Anton Vdovin - Sep 21, 2017 4:31:58 PM

Do you use phone trees in your organization? Phone trees work by spreading a message by calling a group of people who have their respective lists of people to call. Though it is an old method of information dissemination, a number of companies still use phone trees or call trees to spread an idea, or to get a message across.

Do call trees work?

Call trees originated from the need to share information to a big number of people as quickly as possible, especially in times of crisis. For example, if a snowstorm has made it impossible for vehicles to pass the road to the office, you would want to send your staff emergency alerts and tell them not to go to work anymore, saving them the inconvenience of going to work. Plus, you do not want them to get trapped in the storm, so you start putting your phone tree to work: you call a list of people, say your department heads, who have their own respective lists – members of their department, individuals who have their own lists as well. If you are lucky, you would be able to get through to all the people on your list, and all the people you call would be able to contact everyone on their list, and so on. 

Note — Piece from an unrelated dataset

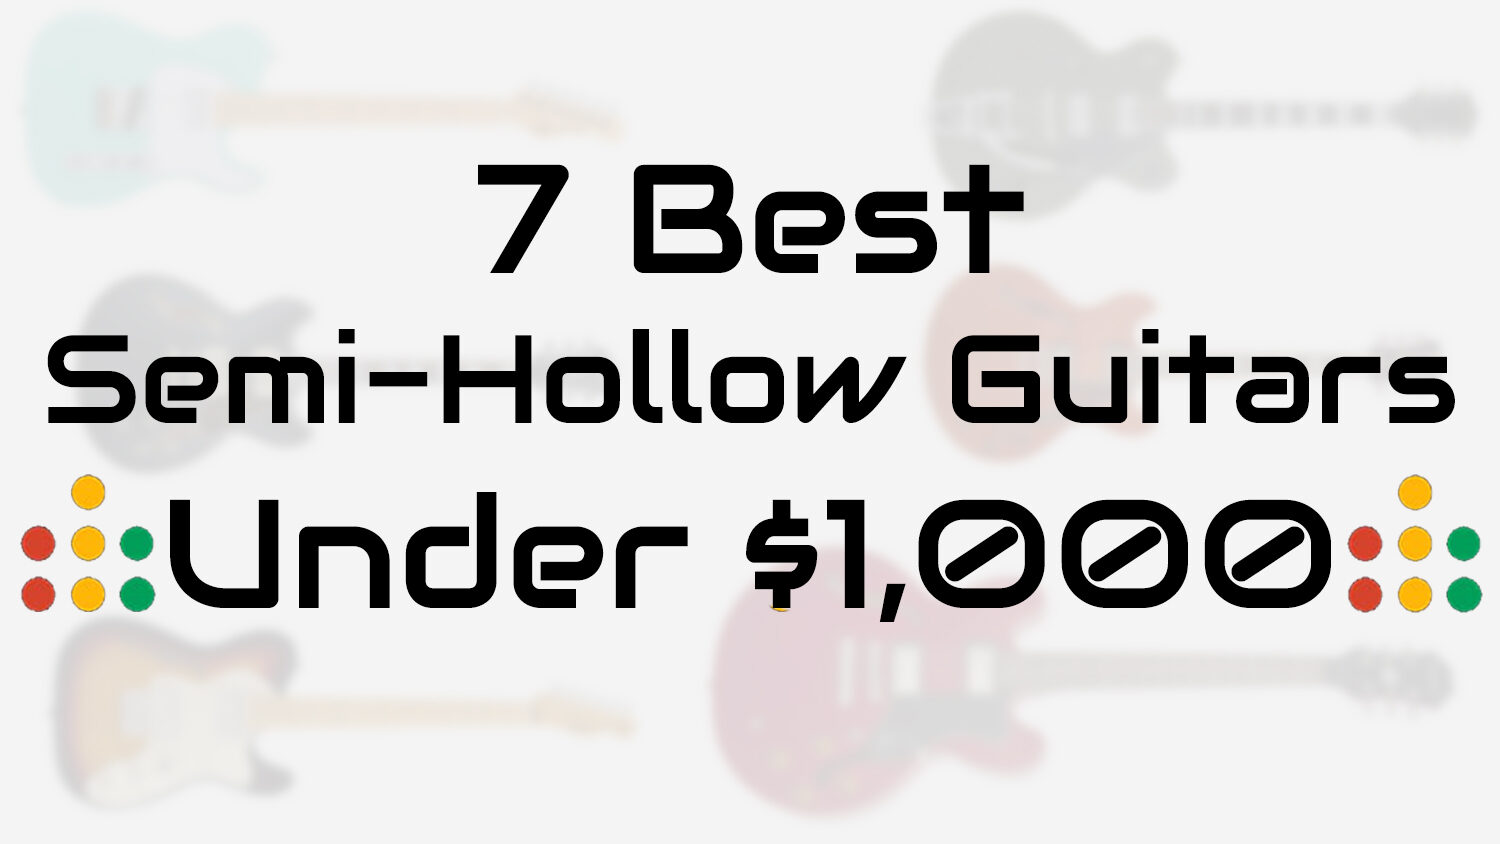 7 of the best semi-hollow guitars under $1000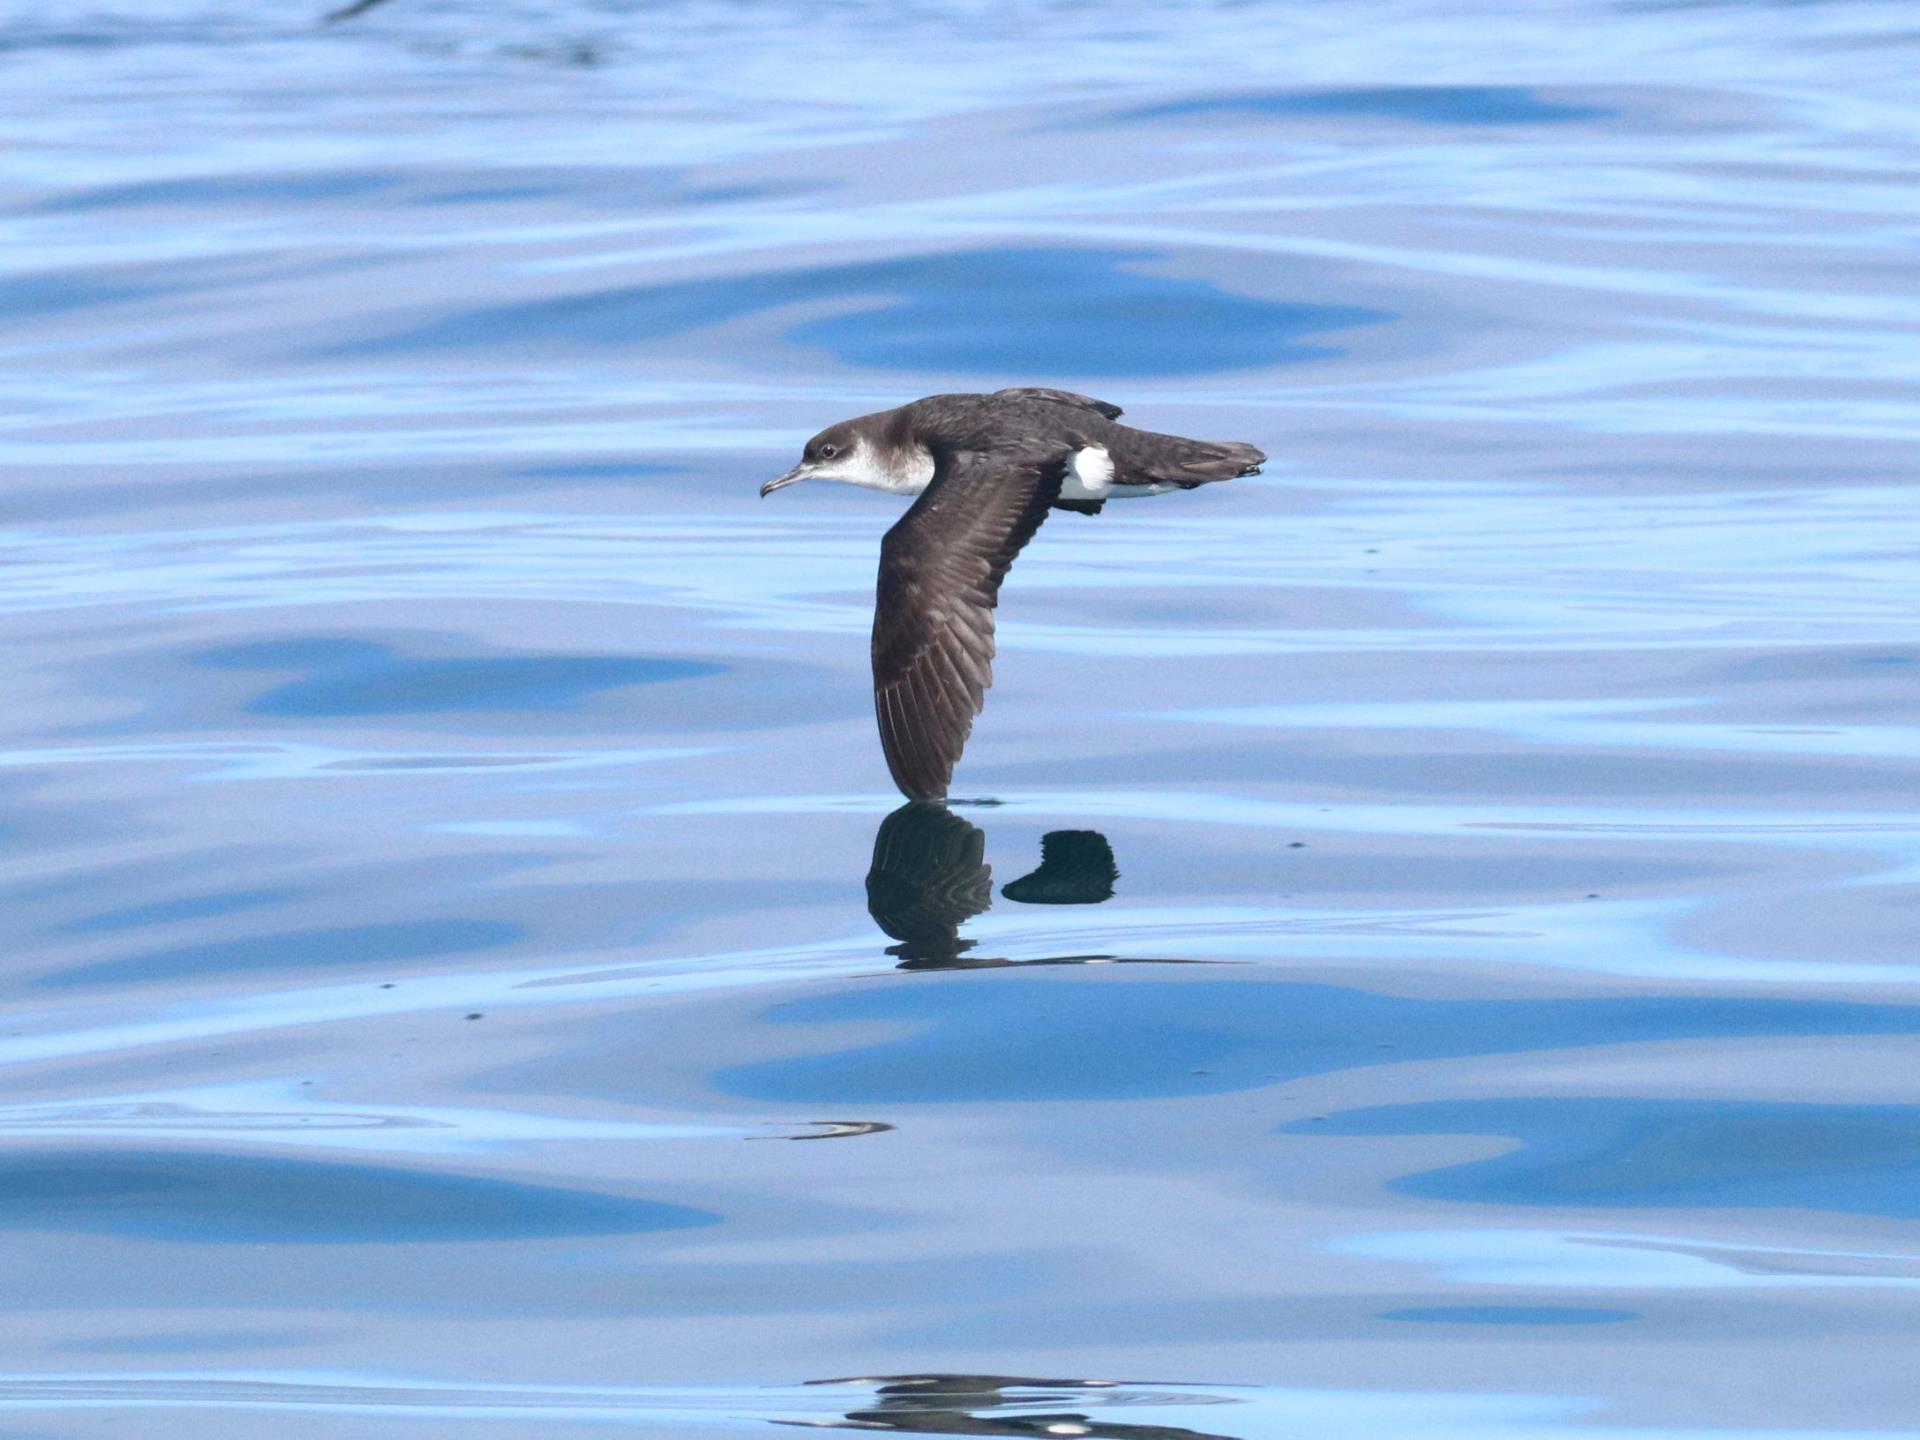 Manx Shearwater- living up to its name!

While this can work for a small number of people, it is not worth the trouble of using it during times of crisis, and here are four reasons why:

1. Not everyone is on his or her phone, expecting your call. What if one of the people on your list is in the shower, is sleeping, or has his or her phone off? What if they do not have phone signal due to the inclement weather? If you are going to depend on call trees to inform people about emergency situations, call trees will only work to some extent.

2. The call chain breaks. Supposing you are able to call three of the five people from your list. What about the other two you cannot get a hold of? How will these two people get the information you so desperately need them to get, and how will the people from their own lists be informed? The inability to call just one person can spell disaster, especially if the matter you are trying to communicate is urgent.

3. The process of calling people is time-consuming. Unless your employees are on call, they would not answer their phone in the first ring, if they would answer at all. But you need to reach them, so you try again and again to get through. Just thinking of the scenario can give you headaches: how many minutes will it take you to get through say, all the ten people in your list? If you cannot get through, your last resort is to leave a voicemail Again, there is no guarantee that the receivers of your voicemail would listen to it in time. Plus, how will you know that they did receive the information? Do they call you back? Remember that the people in your list have their own groups of people to call. How sure are you that the information reaches all these other people?

4. The verbal message can be distorted. Assuming that everyone on your list gets to call everyone on their own lists and so on, how sure are you that the last people to get the message got the RIGHT message? Information passed verbally is prone to a lot of misinterpretation, and if you are using verbal messages as emergency alerts, they can get blown out of proportion.

Call trees may look simple enough to work, but why risk your business and your employees? Instead of depending on call trees, you must invest in a mass notification solution that will allow you to send quick and effective emergency alerts that will ensure your employees’ safety while protecting your business operations.